Various data types will be serialized appropriately:

  • java.net.URI, java.net.URL - These are both serialized as a full IRI, unless:
    • the context includes a matching prefix, in which case a QName is written.
    • the context base matches, in which case a relative IRI is written.
  • keyword :a - This is treated as the Turtle special synonym for rdf:type.
  • keywords - Converted as a QName/CURIE (Qualified Name/Compact URI). e.g. :ns/name becomes ns:name.
  • String, boolean, long, double - serialized as the appropriate literals in TTL.
  • java.util.Date, java.time.Instant - serialized as xsd:dateTime literals
  • java.util.LocalDate - serialized as xsd:date literals

Prefixes

By default when prefixes are written, they will automatically be expanded to include the definitions of the following namespaces if they are not already defined:

  • rdf
  • rdfs
  • xsd

These prefixes are also included in contexts by default.

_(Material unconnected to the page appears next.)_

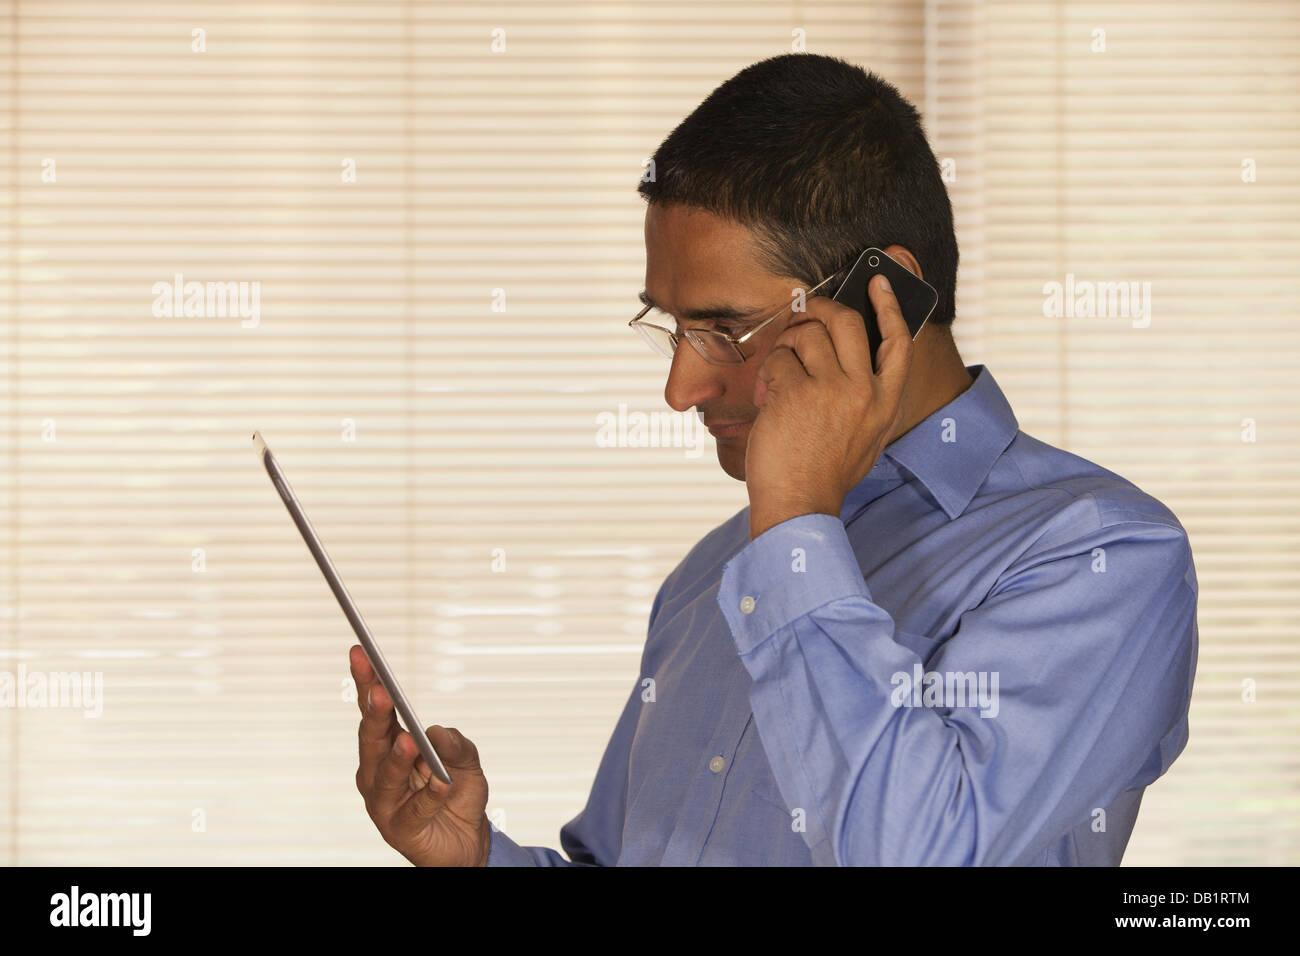 Man on Iphone looking at IPAD - Stock Image

Binding *include-defaults* to false will exclude these values before calling write-prefixes! or serializing URIs and URLs:

(binding [ttl/*include-defaults* false]
  (write-prefixes! output {:ex "http://ex.com/"}))

Will only output a single prefix, and not 4.

Also, giving any of these namespaces your own definition will not be overridden by the defaults.

Extending

Donatello writes objects to the output using the Serializable protocol. If you have new objects that you want to write, then you can extend the protocol to these objects as well.

For instance, Aristotle uses symbols for blank nodes, where:

Symbol Represents
the symbol _ unique blank node
symbols starting with _ named blank node
other symbols IRI of the form <urn:clojure:namespace/name>.

Donatello can be extended to this by implementing serialize for the Symbol class:

(extend-protocol Serializable
  Symbol
  (serialize
    [s]
    (cond
      (= s '_) (str "_:" (gensym))
      (= \_ (first (name s))) (str "_:" (subs (name s) 1))
      :default (str "<urn:clojure:" (namespace s) \/ (name s) \>))))

If using Clojure, then be sure to import the Symbol class from clojure.lang, or fully qualify the class as clojure.lang.Symbol in the extend-protocol definition. For instance, the following could be added to the ns declaration at the top of the file:

(:import [clojure.lang Symbol])

ClojureScript does not need to explicitly import Symbol as it is already available.

Neptune Flag

Neptune has an issue with it's Turtle parser where it won't parse a boolean that appears immediately before a statement-terminating dot (.) character. Set the *neptune* flag to true to add an extra space after booleans.

For example:

(binding [donatello.ttl/*neptune* true]
  (write-triple! :ex/subject :ex/predicate true))

License

Copyright © 2023 Paula Gearon

Distributed under the Eclipse Public License version 2.0.